Key words: Celiac disease. Diagnosis. Adult
Celiac disease (CD) is characterized by intolerance to gluten ingestion, which is contained in cereals such as barley, rye, hay, and malt, happening in genetically predisposed individuals and presents an inflammatory process that involves the small intestine mucosa, leading to atrophy of intestinal villi, malabsorption and a variety of clinical manifestations. Gluten proteins are relatively resistant to digestive enzymes, resulting in peptide derivatives that may lead to immunogenic response in CD patients.
CD's clinical manifestations may involve the gastrointestinal tract, as well as skin, liver, nervous system, reproductive system, bones, and endocrine system.1,2 Herpetiform dermatitis occurs in 10 to 20% of the patients and is a pathognomonic manifestation.3
Until recently, CD diagnosis was recognized only in patients who presented typical clinical manifestations or high degree of suspicion.

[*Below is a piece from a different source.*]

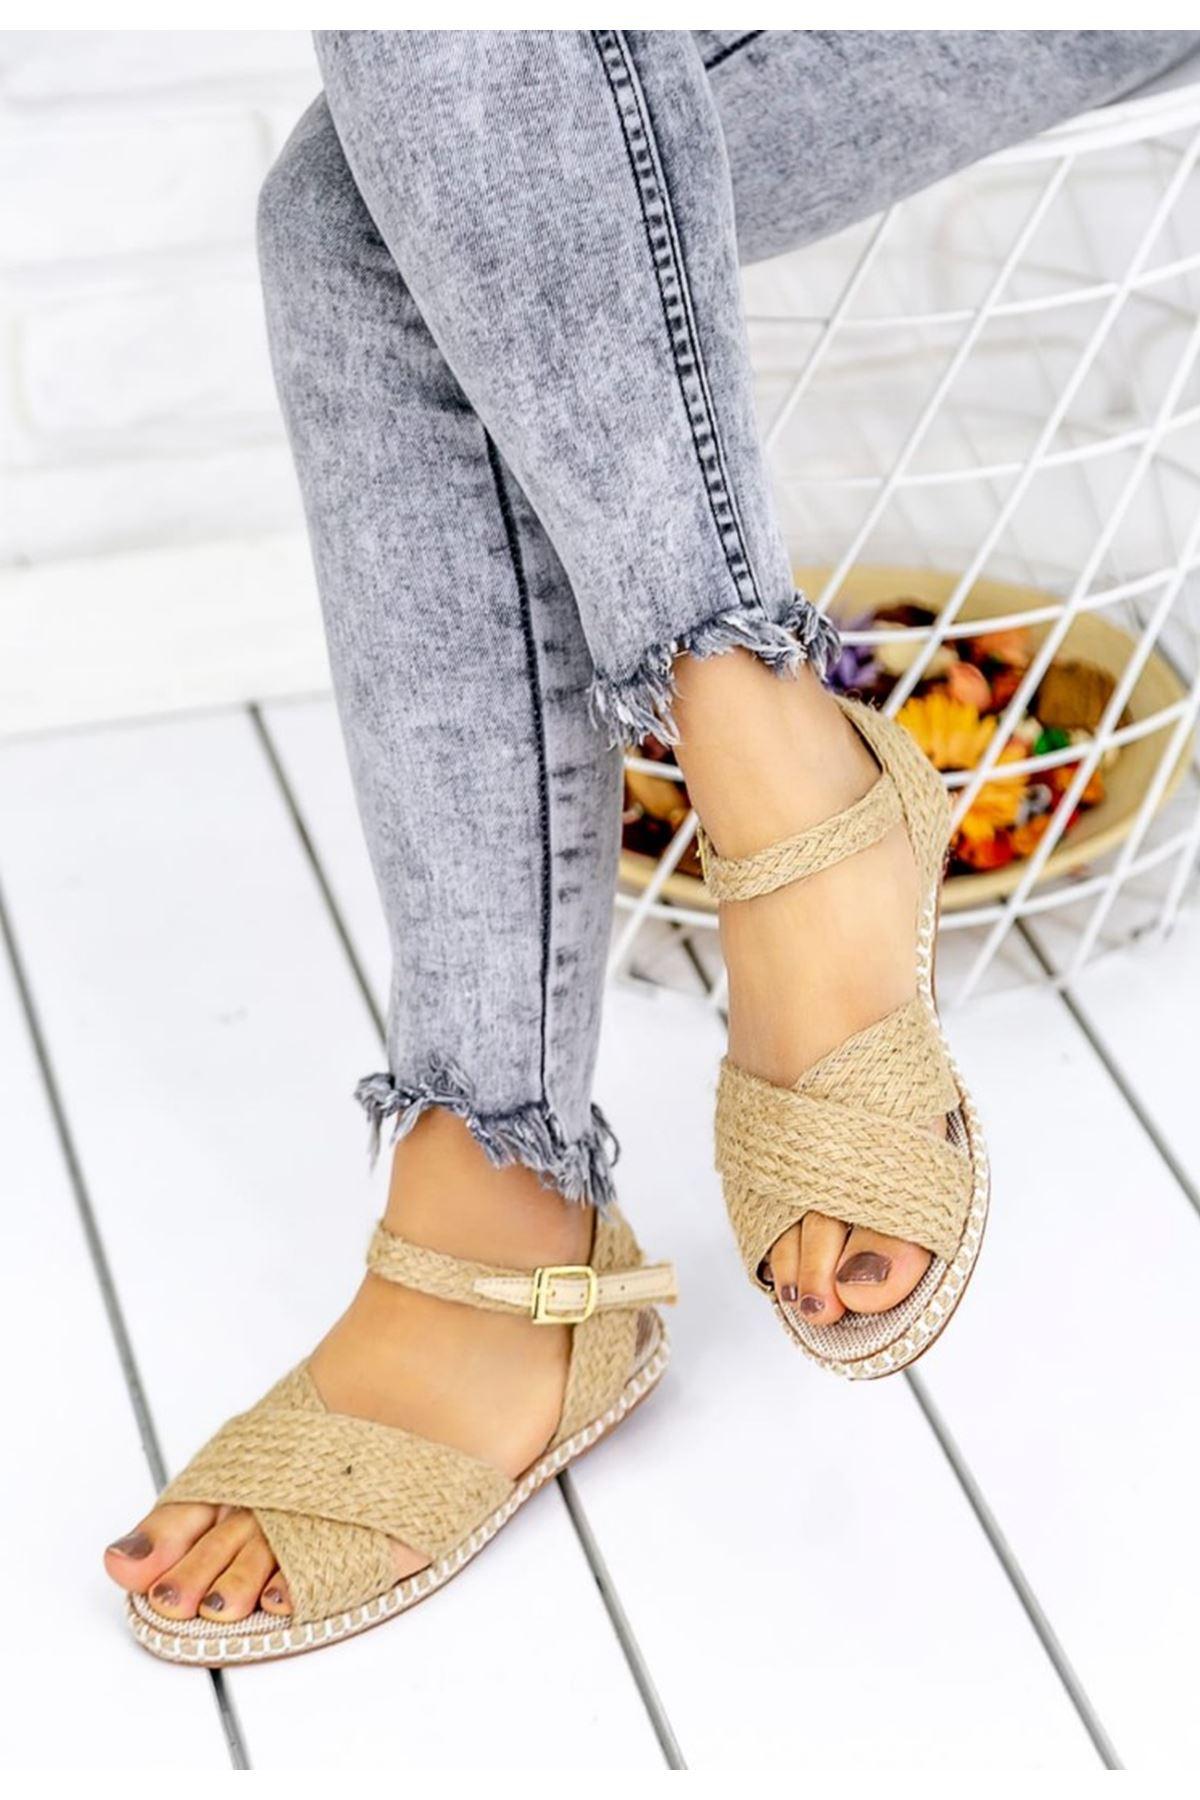 Kelly Hasır Detay Çapraz Bant Sandalet

Diagnosis is generally performed in children with malabsorption syndrome. After the appearance of high accuracy serum tests and bigger attention by the physicians to atypical manifestations, CD's prevalence increased, as well as its diagnosis outside the field of pediatrics. Estimated prevalence in general population is around 1:100.4
CD's clinical manifestations may vary, as described in Table 1.5,6
There is an important genetic predisposition in patients with CD, characterized by HLA-DQ2 and HLA-DQ8 surface markers. Gluten interacts with HLA markers, provoking an abnormal immune response of the mucosa and tissue injury.

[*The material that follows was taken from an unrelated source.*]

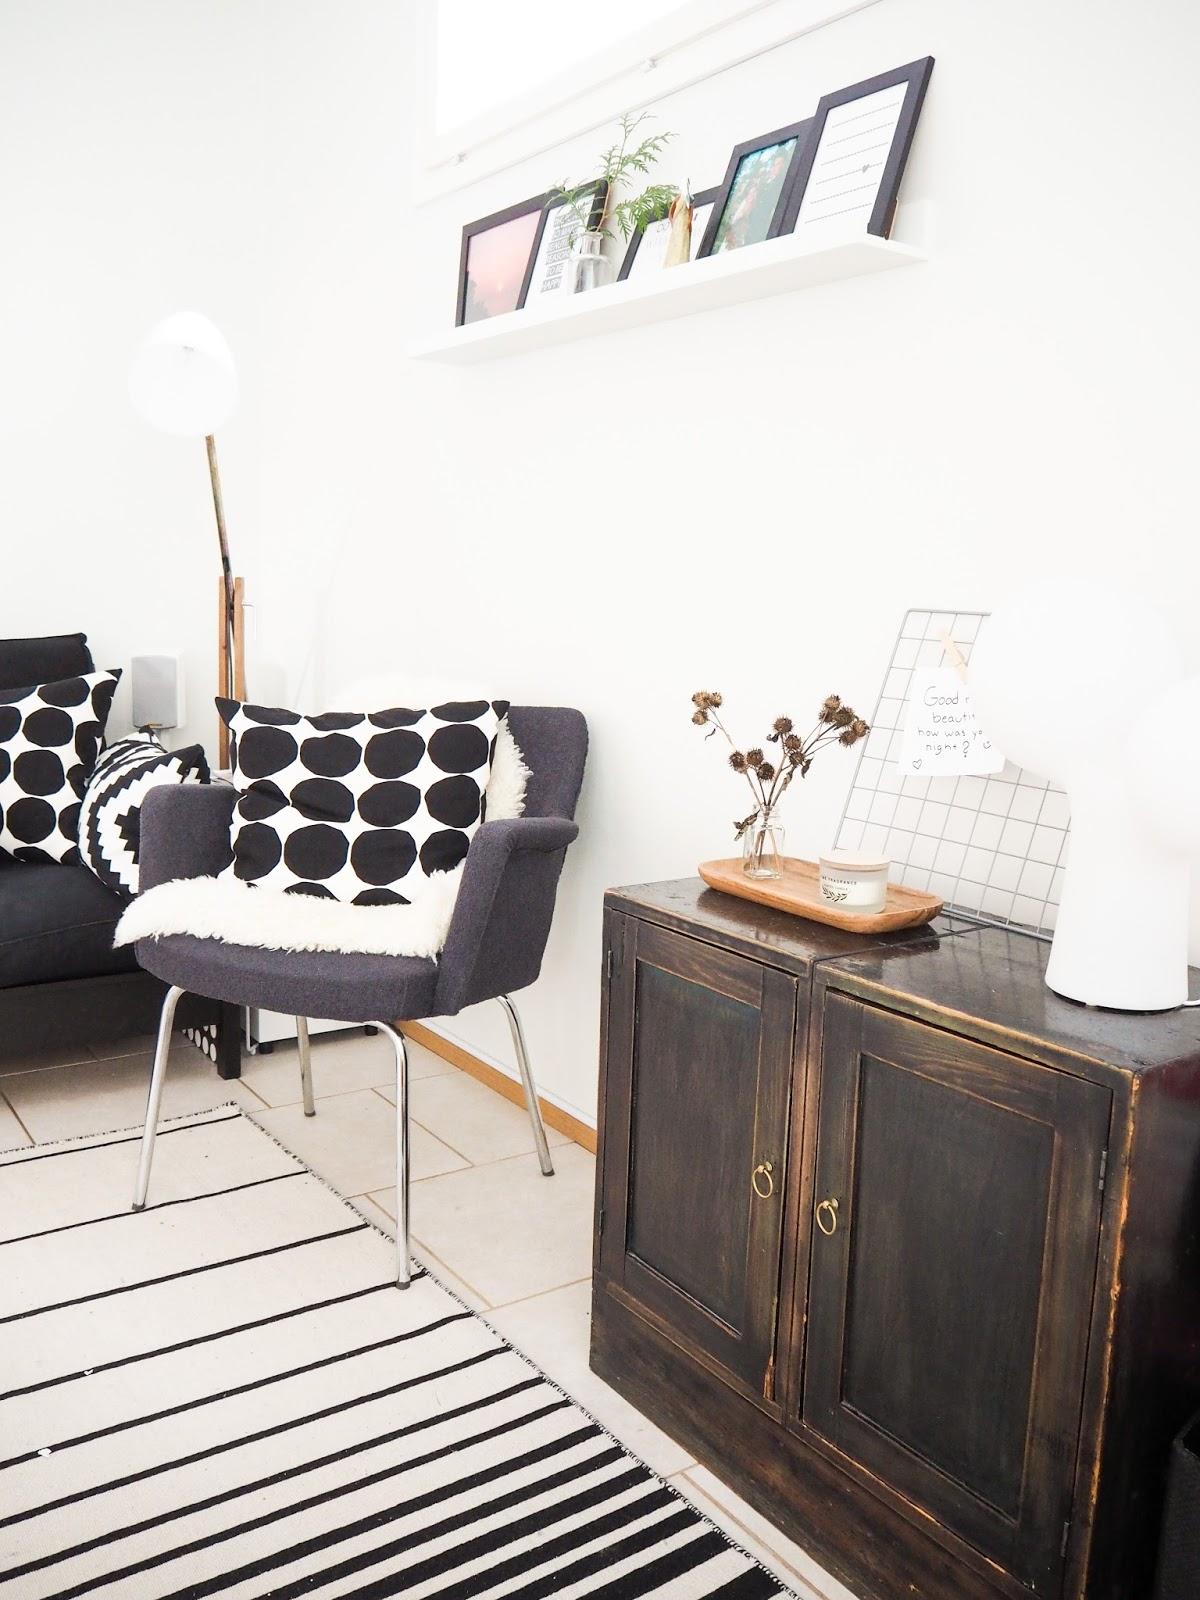 Saippuakuplia olohuoneessa -blogi, kuva Hanna Poikkilehto, olohuone, sisustus, koti, diy, sisusta pienellä budjetilla, sisusta halvalla,

A review has showed that the relation of patients with diagnosed and not diagnosed CD may be 1:7.7
A study indicates that over 36% CD patients had had a previous diagnosis of IBS (irritable bowel syndrome).8
If not treated, celiac disease has a high morbimortality. Anemia, infertility, osteoporosis, and cancer, mainly intestinal lymphoma, are among the risks of complication in patients not treated.

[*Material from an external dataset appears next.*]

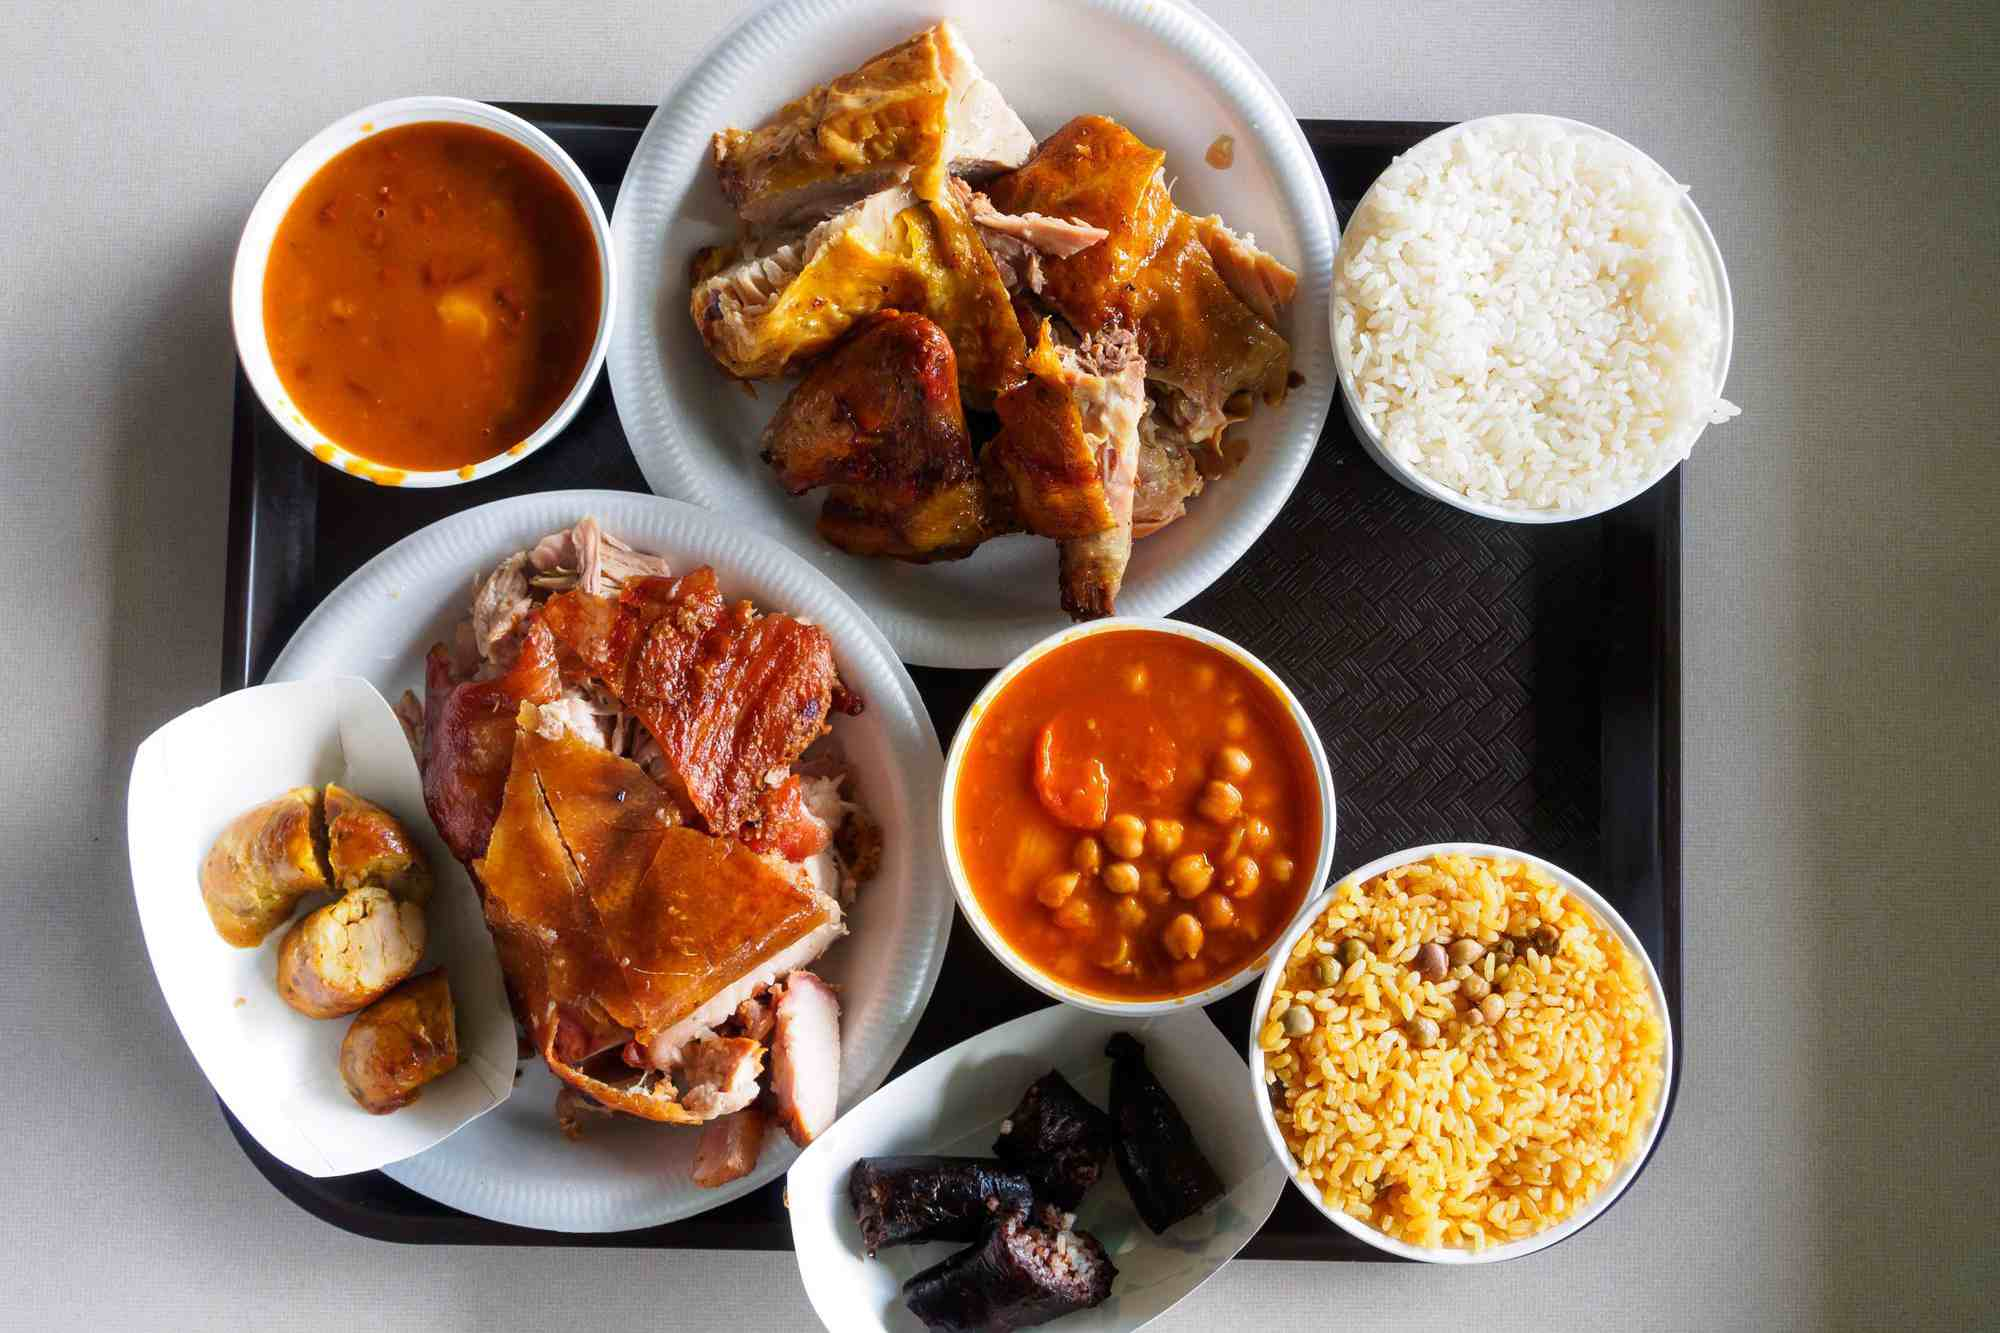 Plato de comida en las lechoneras de Guavate

CD diagnostic investigation must be performed before the introduction of treatment, which is gluten-free diet, for it may negatively alter the serum tests' results and improve histology.9
CD diagnosis is not always easy to be performed. In around 10% of cases, there is difficulty in diagnosis due to conflicting serology, histology, and clinical findings. CD's diagnosis must be considered in every patient presenting chronic diarrhea, abdominal distention, flatulence, iron-deficiency anemia, early onset osteoporosis, elevated transaminases, first and second degree relatives of the patients with CD, IBS, hypocalcaemia, as well as in face of folic acid and liposoluble vitamins. Besides that, CD is associated with various diseases such as type 1 diabetes mellitus, hypo and hyperthyroidism, Sjogren syndrome, primary biliary cirrhosis, autoimmune hepatitis, autism, depression, epilepsy, cerebellar ataxia, infertility, late puberty, selective IgA deficiency, Turner syndrome, Down syndrome and peripheral neuropathy.4,6,10-15
There is no justification in literature, at the moment, for population screening for CD diagnosis.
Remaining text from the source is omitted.